Material to process Start Marker
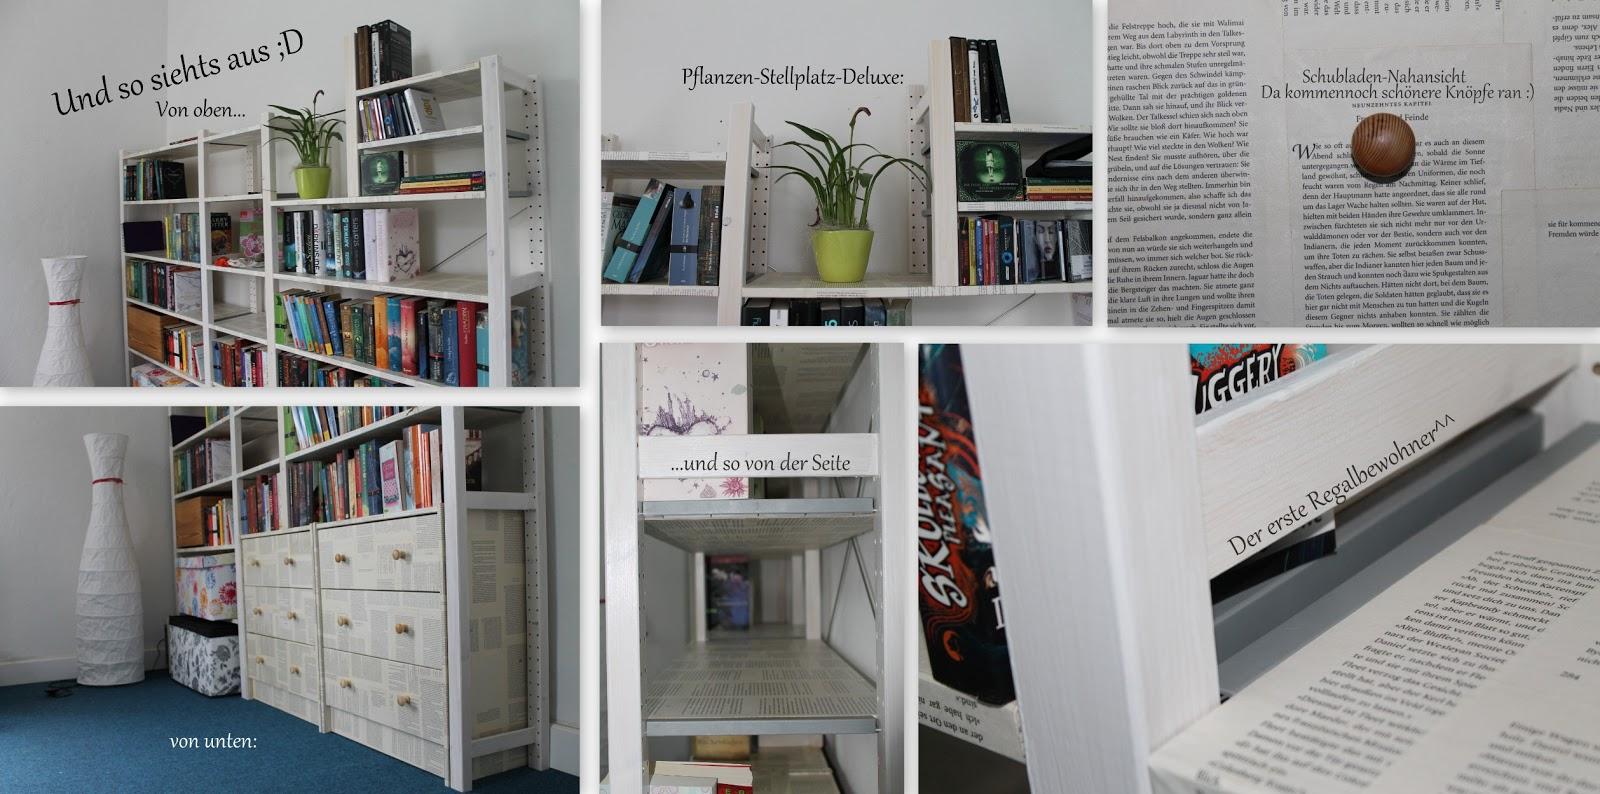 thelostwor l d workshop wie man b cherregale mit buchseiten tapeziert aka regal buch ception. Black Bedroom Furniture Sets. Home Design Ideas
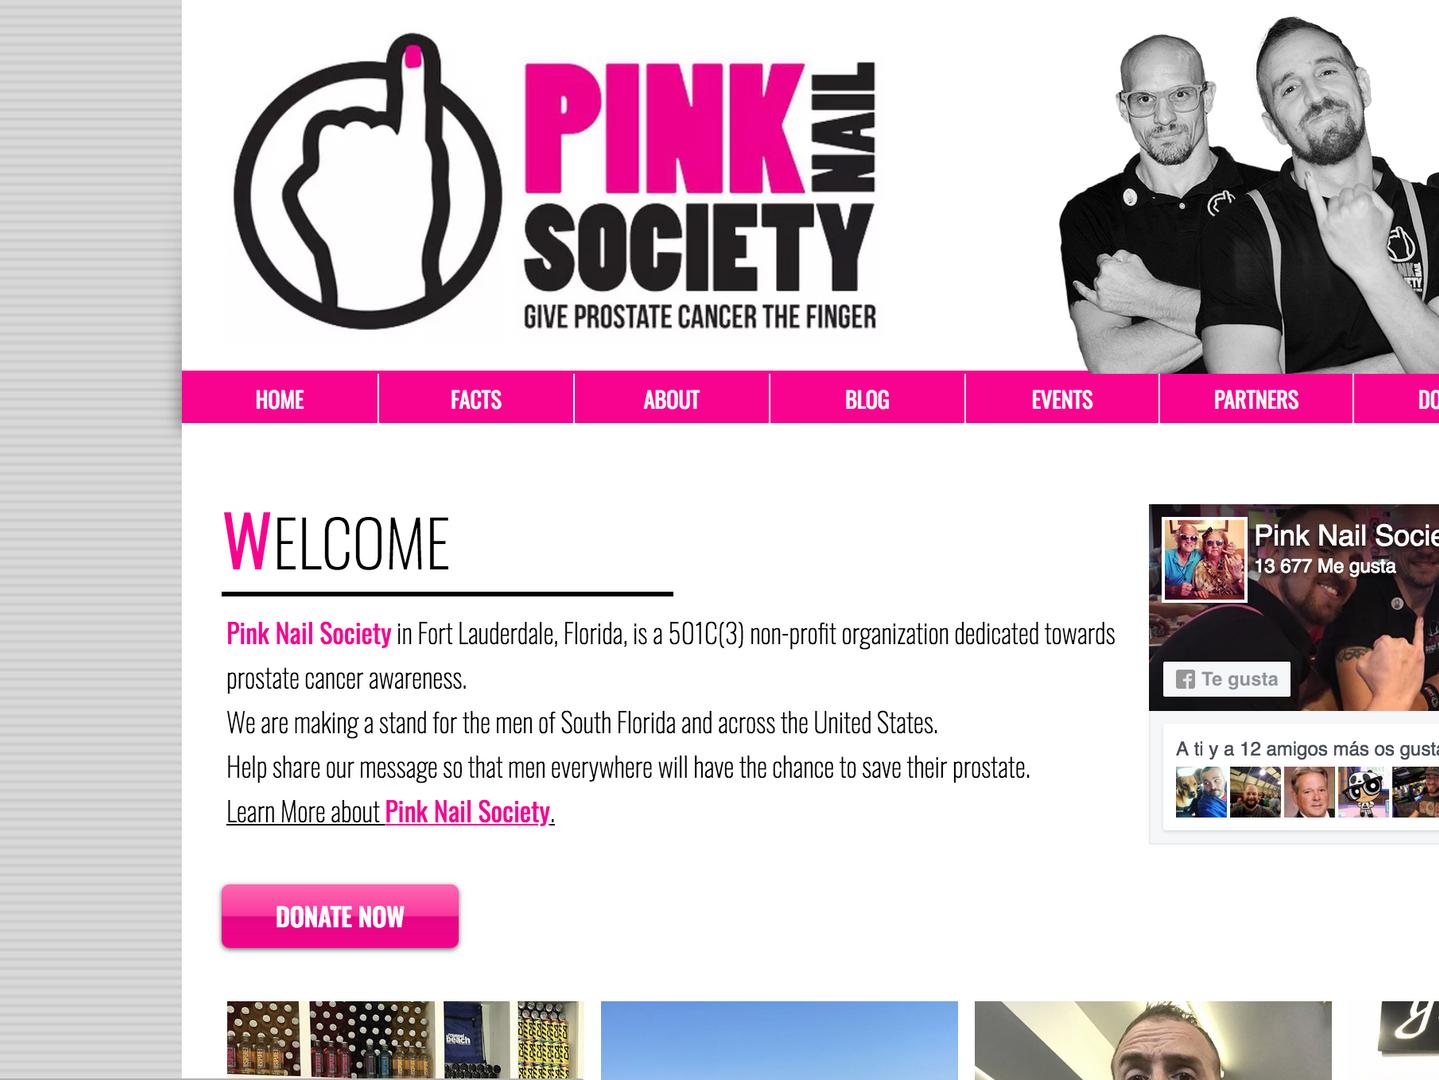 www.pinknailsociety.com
Material to process End Marker
Material to process Start Marker
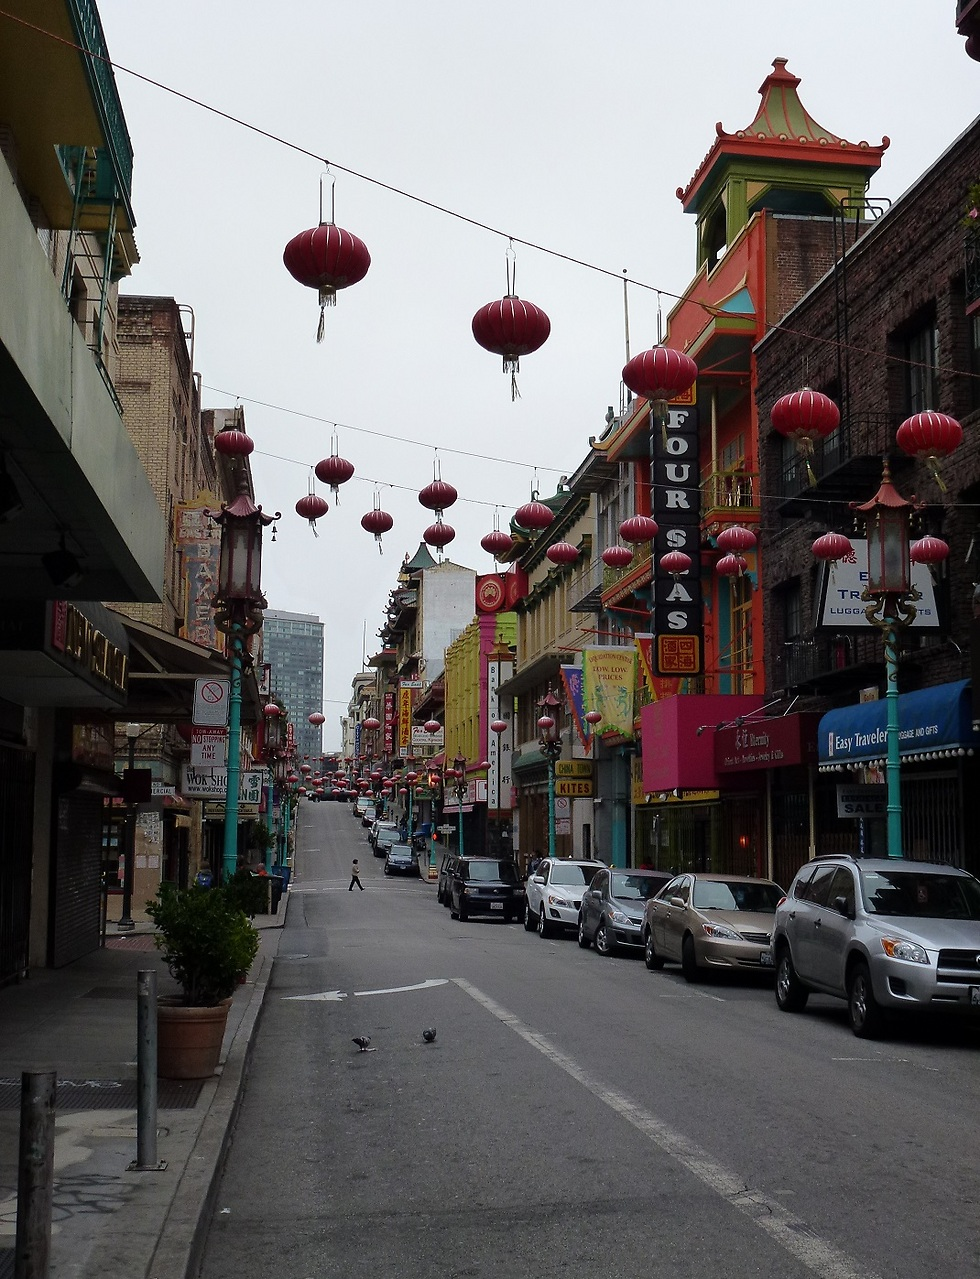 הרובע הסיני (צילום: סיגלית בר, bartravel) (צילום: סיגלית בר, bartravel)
Material to process End Marker
Material to process Start Marker
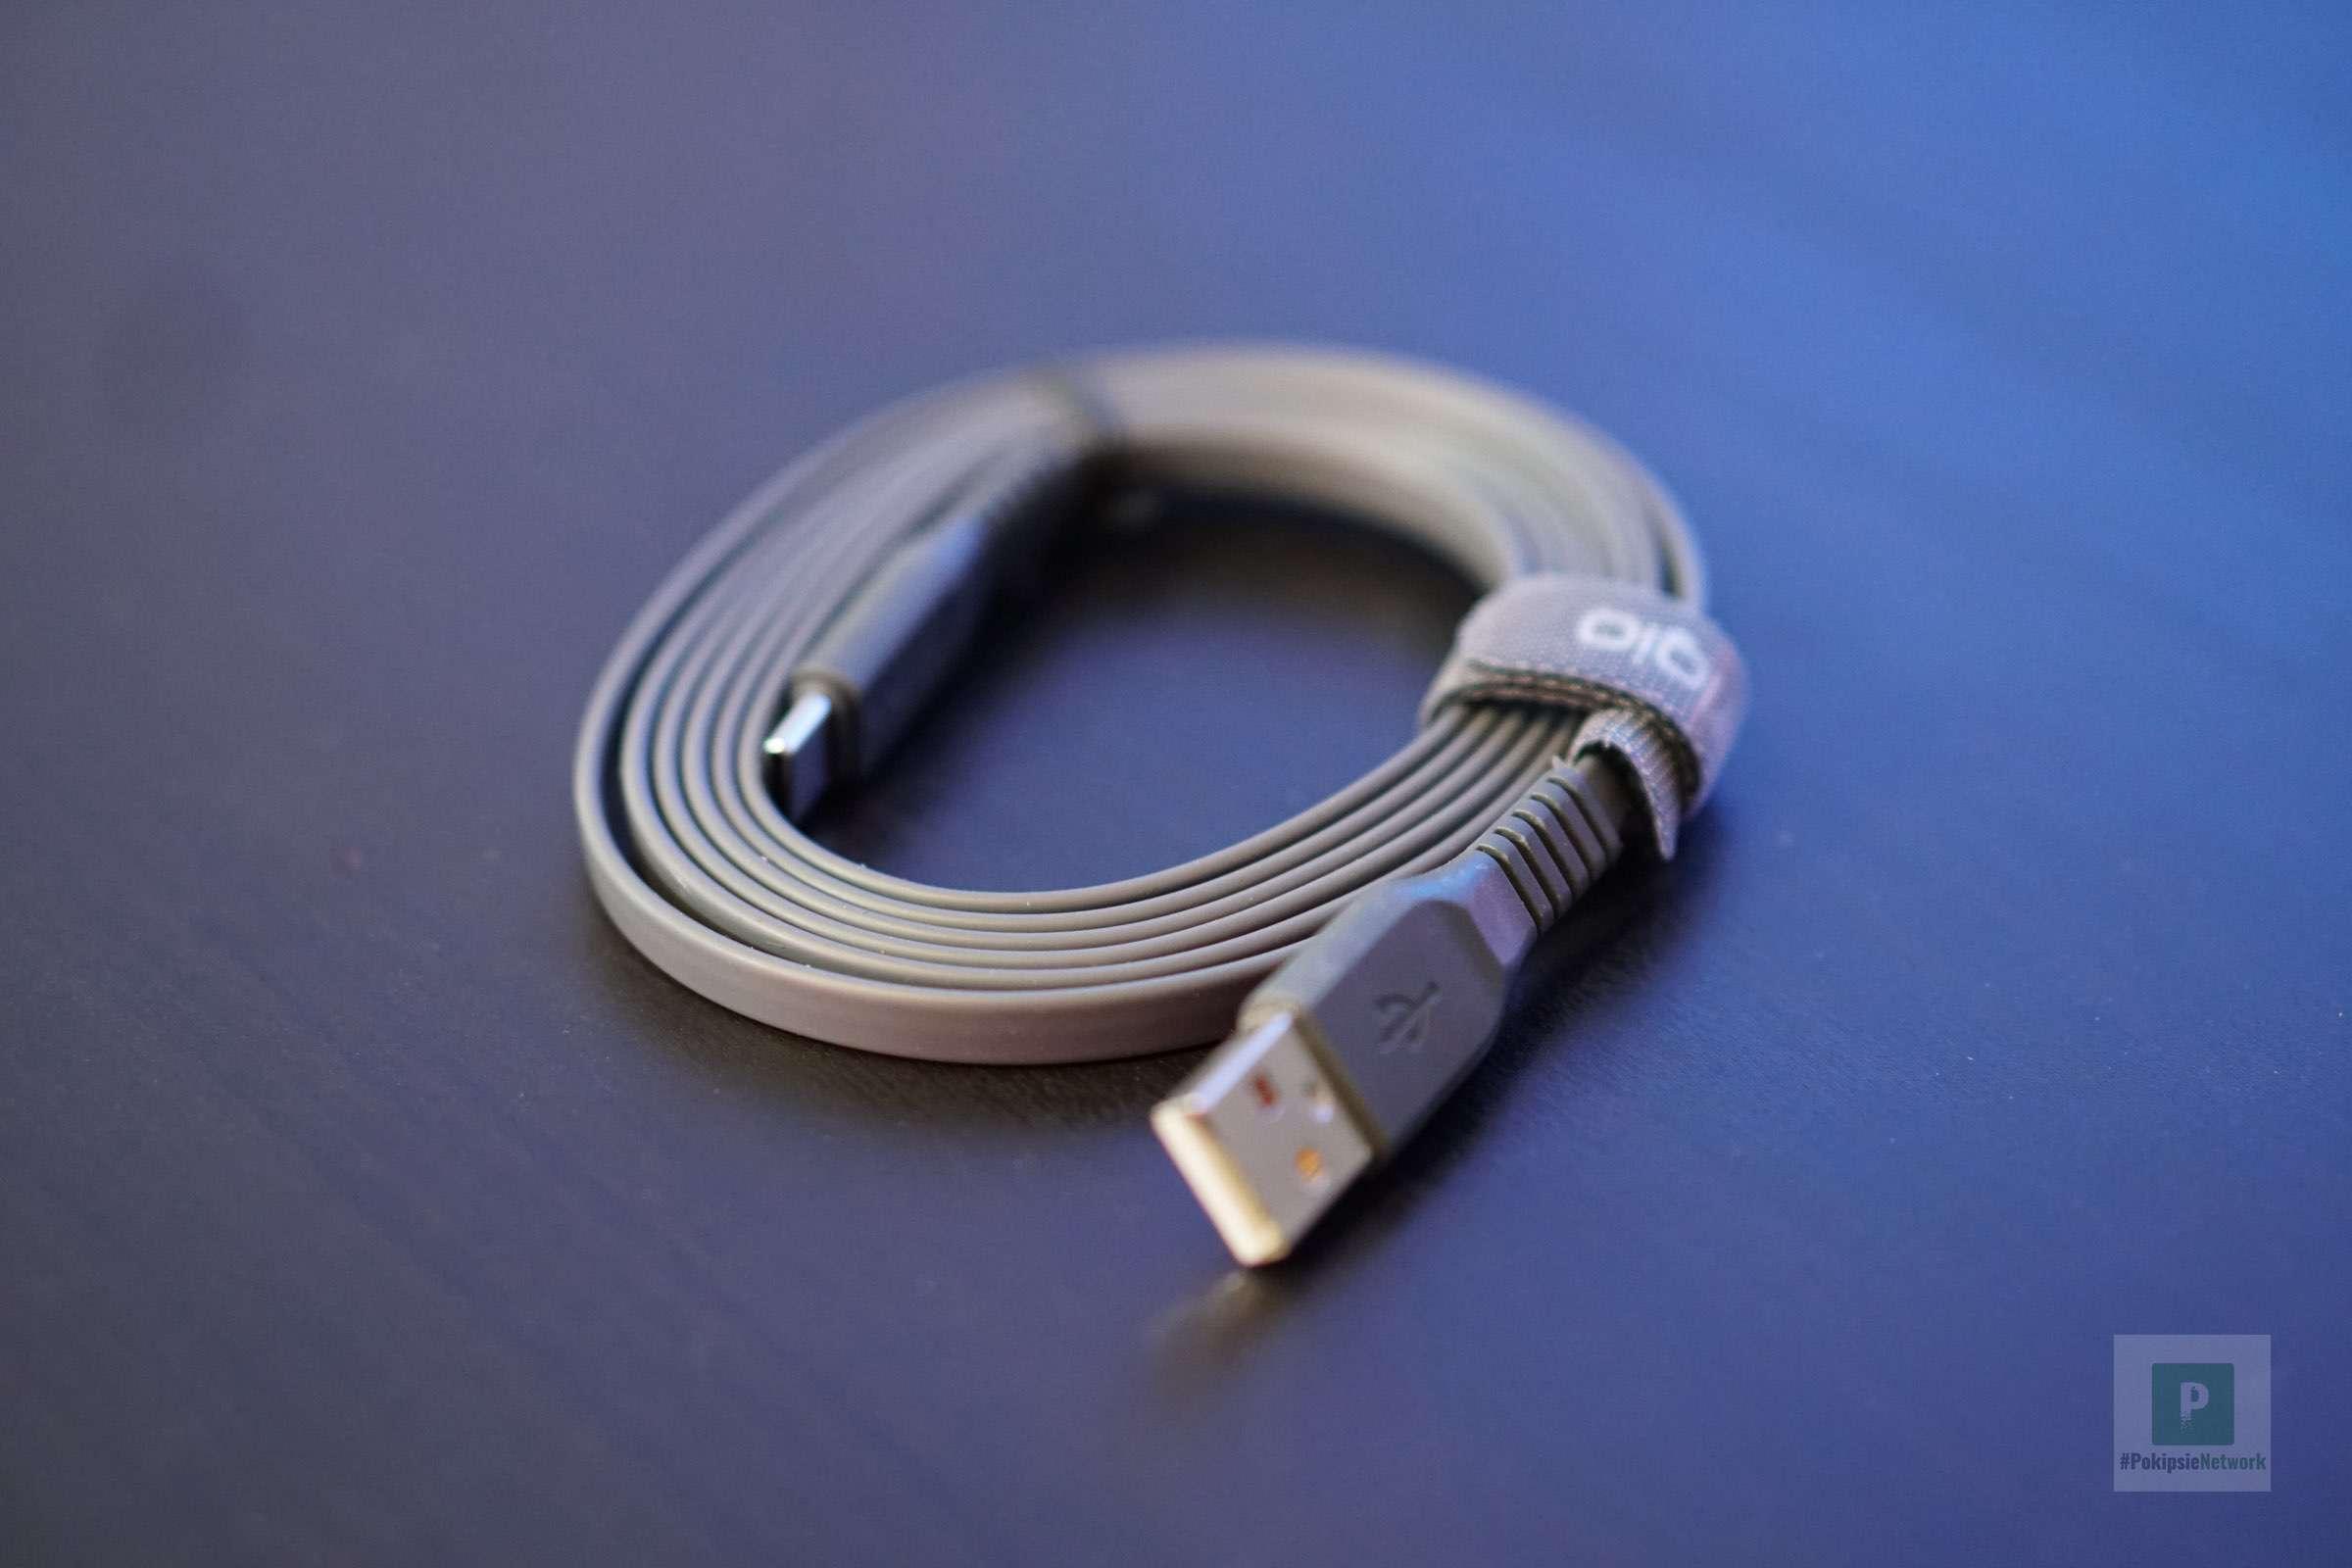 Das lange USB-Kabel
Material to process End Marker
Up in the listing, locate the line with "thelostwor l d"; print it and every line after it down to the line with "www.pinknailsociety.com", which is included too. Skip the pictures.

 thelostwor l d workshop wie man b cherregale mit buchseiten tapeziert aka regal buch ception. Black Bedroom Furniture Sets. Home Design Ideas
 www.pinknailsociety.com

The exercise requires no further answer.